Microdata does not allow items to have multiple types from different vocabularies. Some vocabularies, such as schema.org, may permit third parties to freely extend existing types within that vocabulary. In this case, items should be assigned both the supertype and the extension type within the @itemtype attribute. For example, schema.org describes a method of extending its vocabulary that involves identifying an appropriate supertype or superproperty and appending a / and then the name of a subtype or subproperty. Schema.org also permits anyone to create additional non-URL properties on these new types. To extend schema.org's types with a type for a member of parliament, a vocabulary author might use the URI http://schema.org/Person/MP, and mark up their page with

<p itemscope itemtype="http://schema.org/Person http://schema.org/Person/MP">
  <span itemprop="name">David Cameron</span> is the member of parliament for <span itemprop="constituency">Witney</span>.
</p>

Here, both http://schema.org/Person and http://schema.org/Person/MP are given as types, and the non-URL constituency property is used despite it not being defined within the schema.org vocabulary.

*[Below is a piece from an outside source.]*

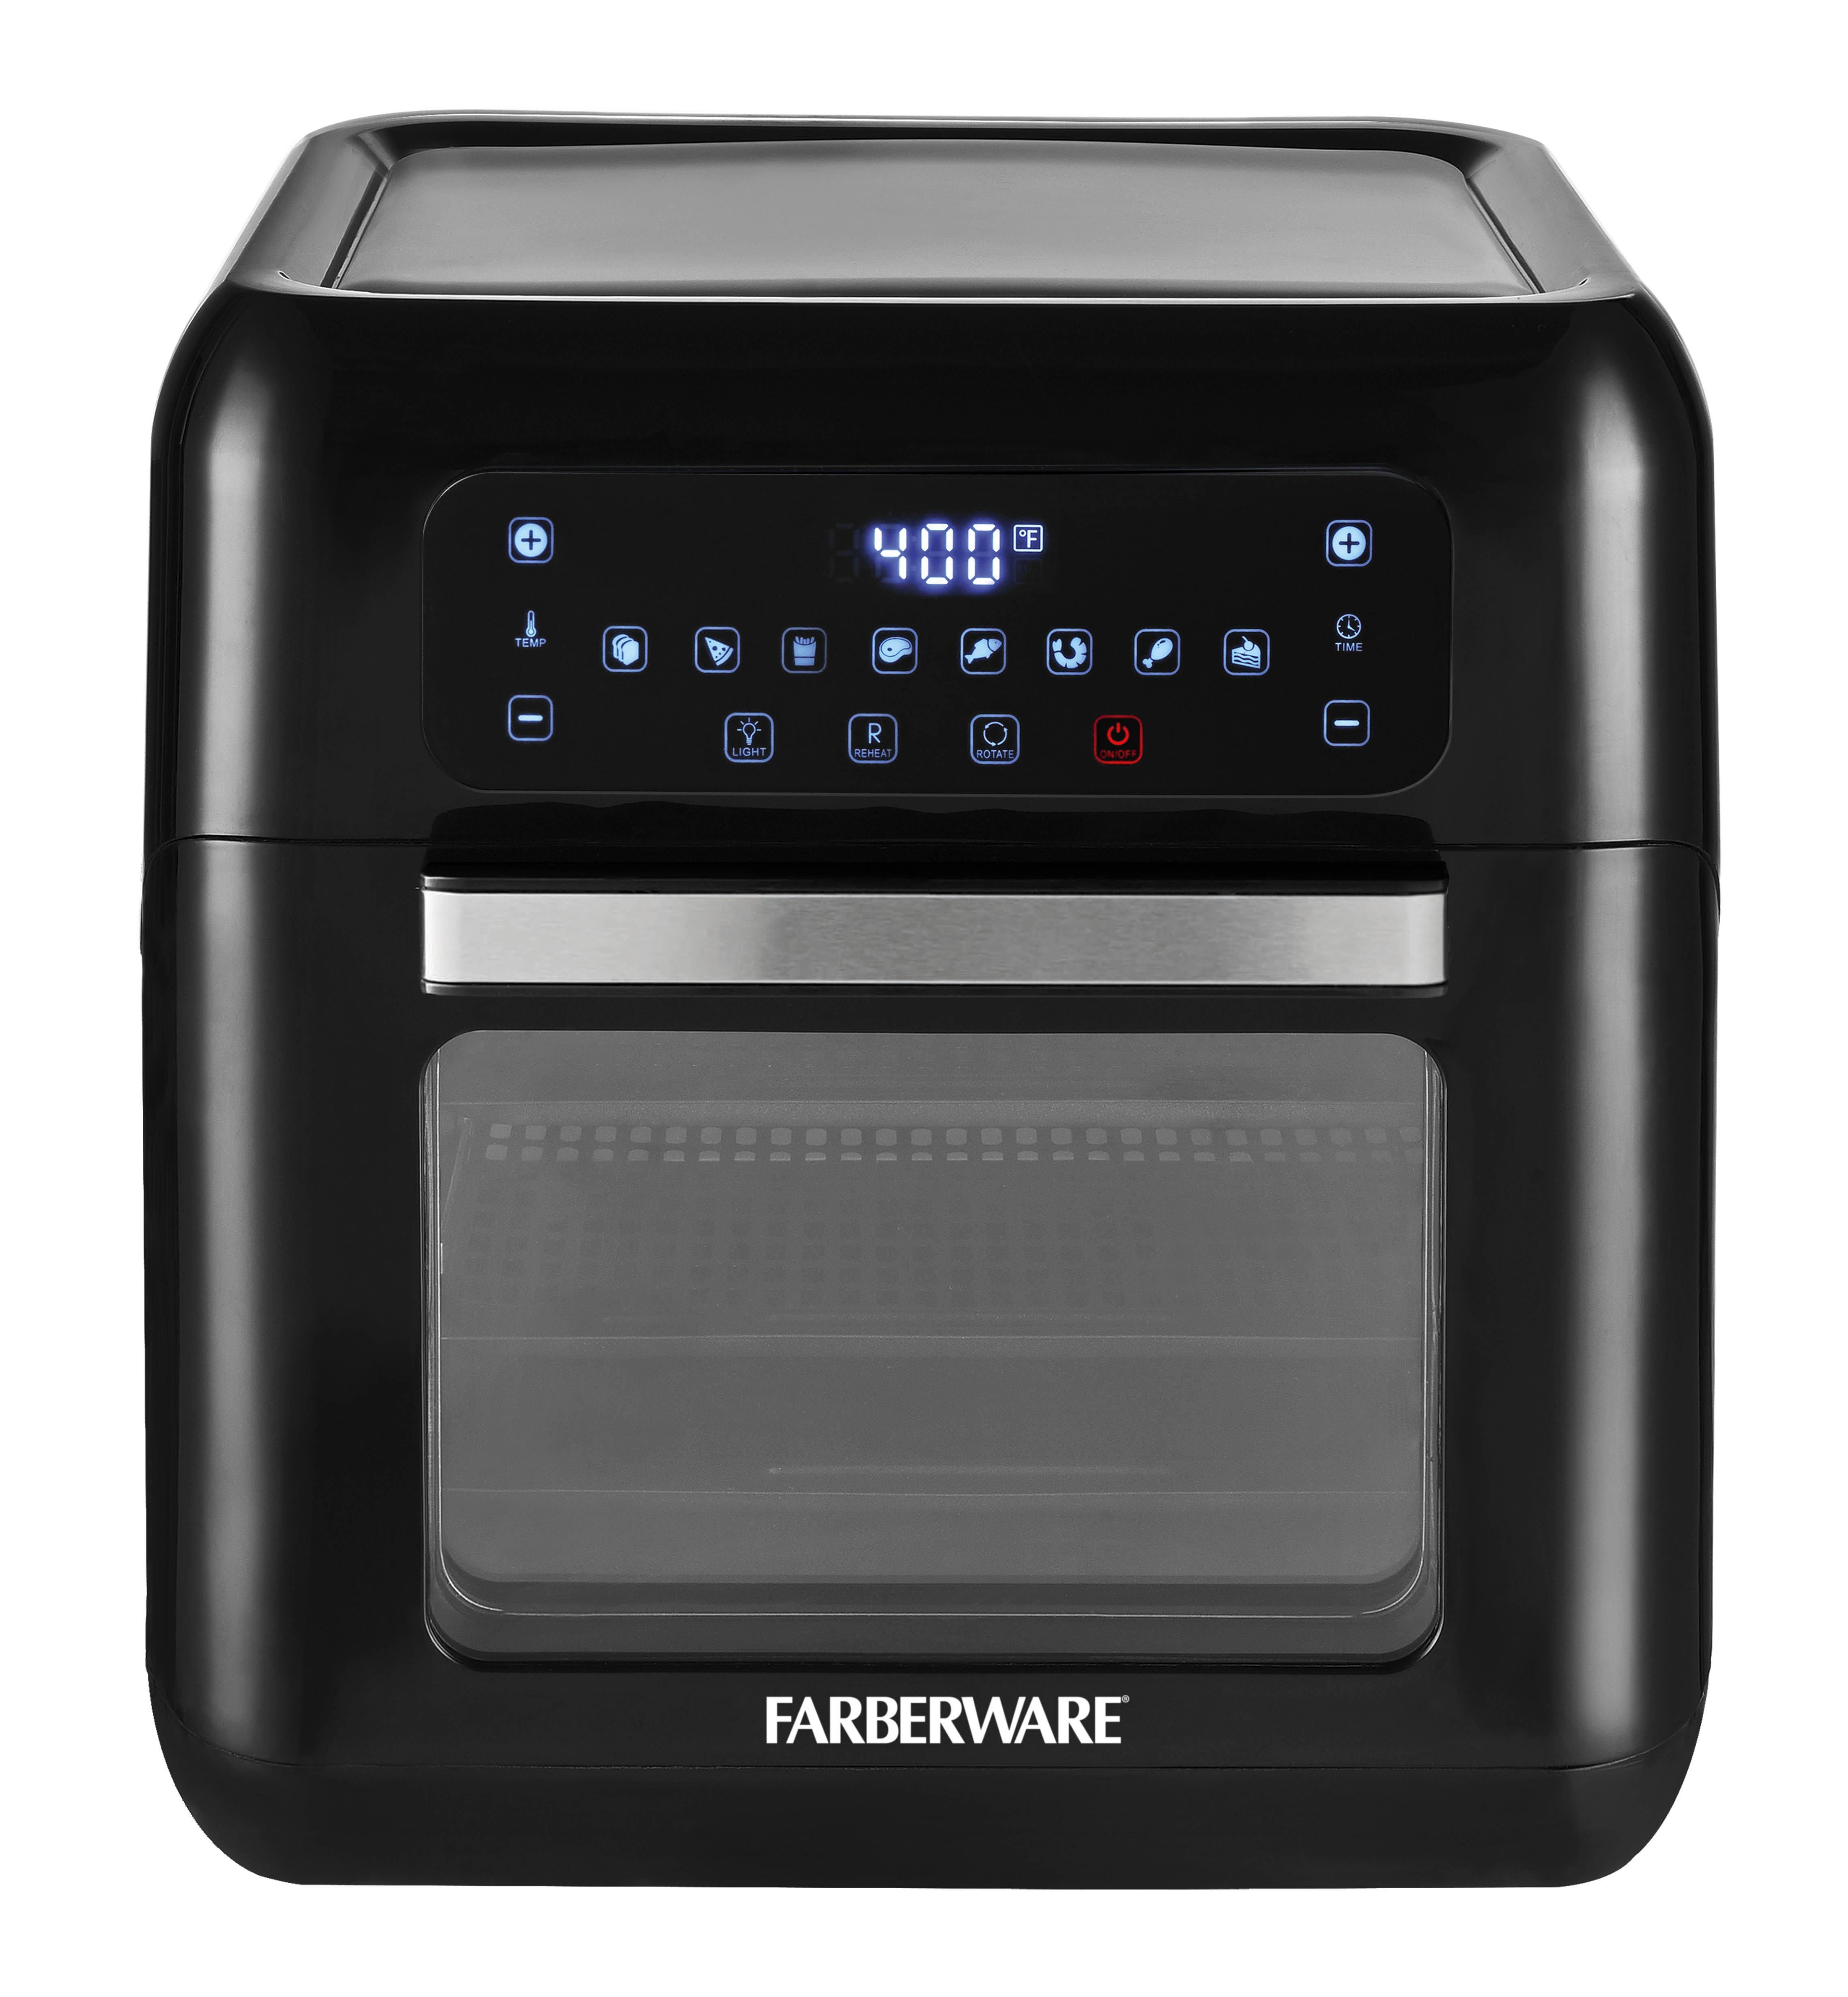 Farberware 6-Quart Digital XL Air Fryer Oven, Black - image 1 of 5

Other microdata vocabularies do not enable third parties to extend the vocabulary. In these cases, third parties should use a URL property to specify the additional type for the item. For compatibility with RDF, we recommend using http://www.w3.org/1999/02/22-rdf-syntax-ns#type for this property, and using a full URL for the type. An alternative to the example above that didn't use the schema.org extension mechanism would be:

<p itemscope itemtype="http://schema.org/Person">
  <link itemprop="http://www.w3.org/1999/02/22-rdf-syntax-ns#type" href="http://gov.example.org/uk/MP">
  <span itemprop="name">David Cameron</span> is the member of parliament for <span itemprop="http://gov.example.org/uk/constituency">Witney</span>.
</p>

More details about the use and limitations of this technique can be found on the section about using multiple vocabularies in microdata.

The technique described for RDFa above, of nesting a property that contains more structure within a property that has less, can also be used with microdata content.

Designing Vocabularies

This section looks at the particular requirements of different HTML data syntaxes on vocabularies, and how to create vocabularies that can be used across HTML data syntaxes.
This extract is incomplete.